Don't know if it matters, but if you have anything plugged into a USB 3 port remove it, and only use USB 2 ports.


----------



## Macboatmaster

Yes I agree a very good point I missed that one - connect to the usb port below the LAN port


Also if it sees the hard disk but still produces the message 
A media driver your computer needs is missing. This could be a DVD, USB, or Hard disk driver. If you have a CD, DVD, or USB flash drive with the driver on it, please insert it now. 

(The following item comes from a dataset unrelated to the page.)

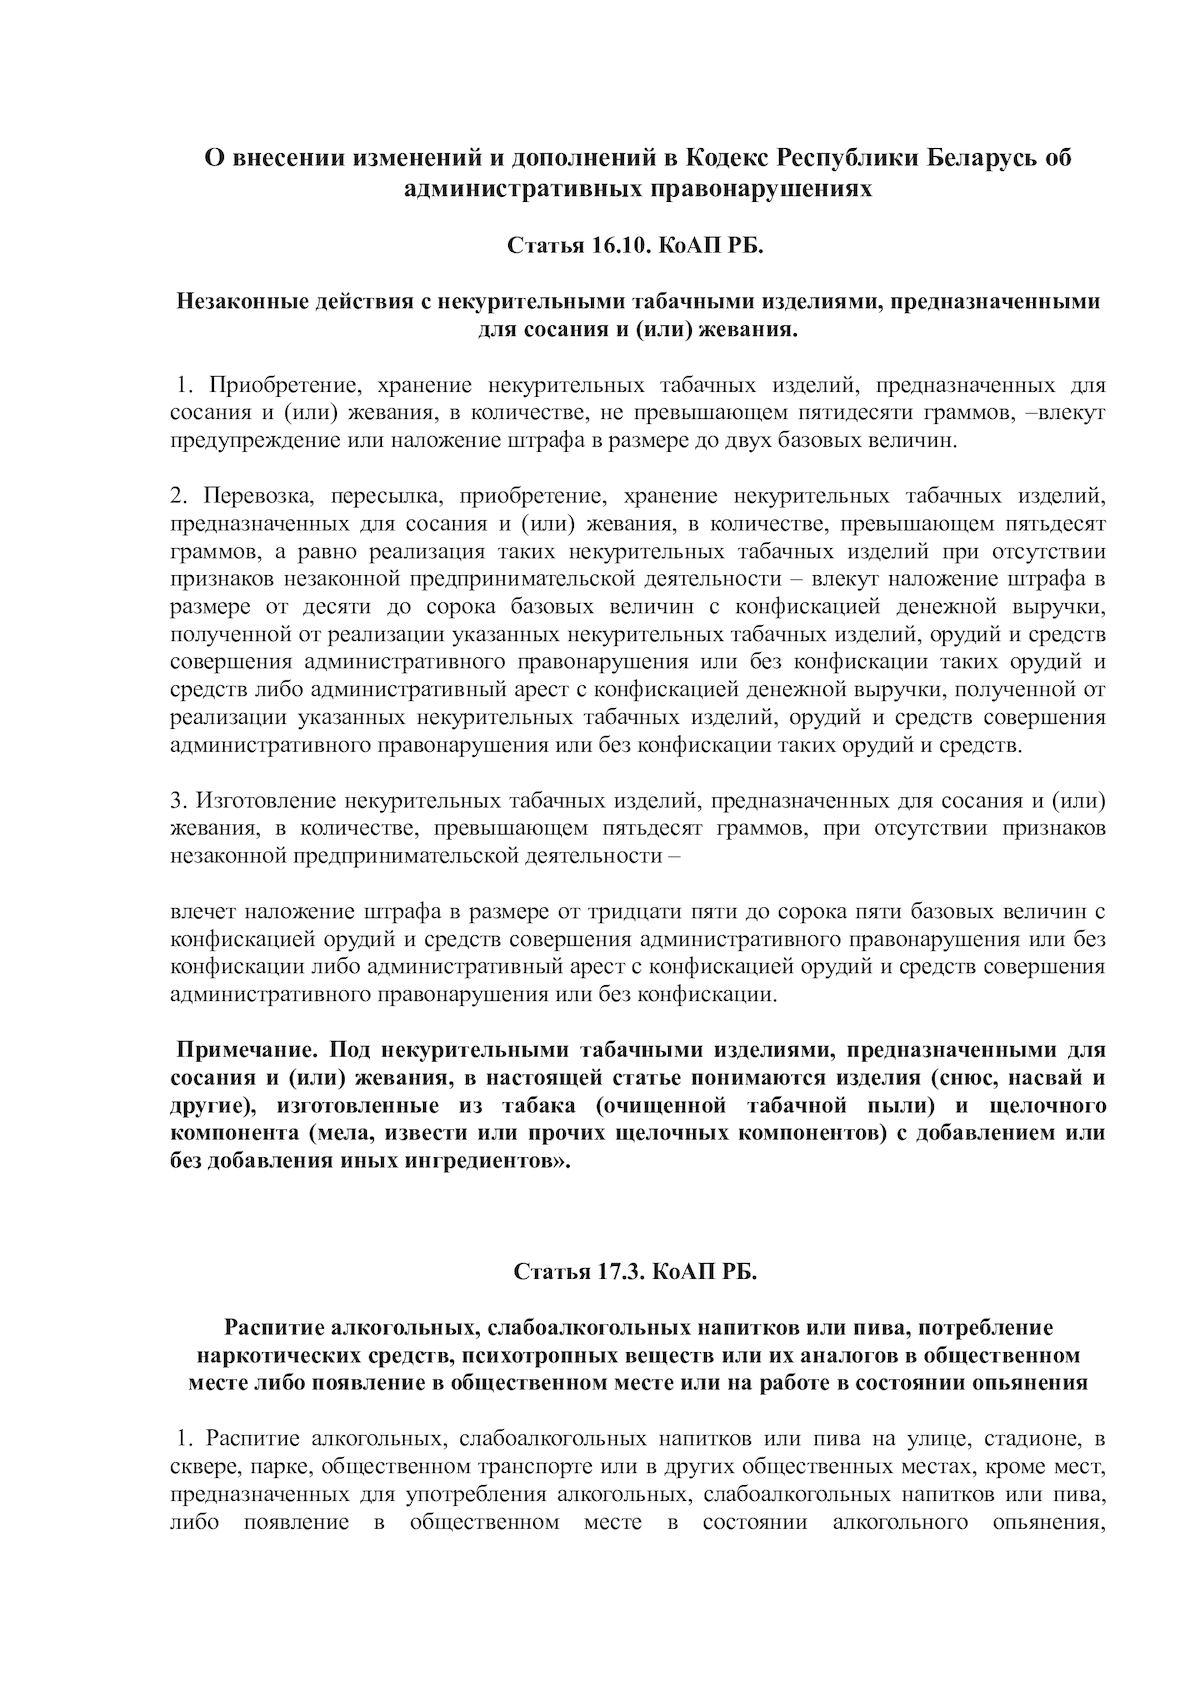 Кодекс об административных правонарушениях табачные изделия электронная сигарета джаст купить

then it is NOT the SATA driver - on the other hand if it never sees the hard drive on which it is offering as the installation drive then it may well be the SATA driver


----------



## xandin4

OK!!! I finally have an update! I bought a fairly inexpensive DVD Writer ($25) and that corrected the initial error I was getting. Yay! Then I hit another wall, in that I had to install the driver for the hd. Silly me was using my Mac to download the driver, but was stuck with the .exe file. I finally booted up my other hd and downloaded/extracted the bleeping file, and that fixed THAT issue. Now I am happily installing Windows, until the next issue arises. 
I will update again when everything is done and I am fully operational. 
Thank you guys so much for all your help!!! I'm quite certain I would not be finishing this tonight were it not for this site. Love it!


----------



## xandin4

Well, I spoke way too soon. I ran into yet another snag. Even though I JUST downloaded the driver, 8.1 is unhappy with it.

"We couldn't install the [AMD SATA Controller ......\AHCI_w8\W864A\amd_sata.inf)] device driver. Contact your vendor for an updated driver."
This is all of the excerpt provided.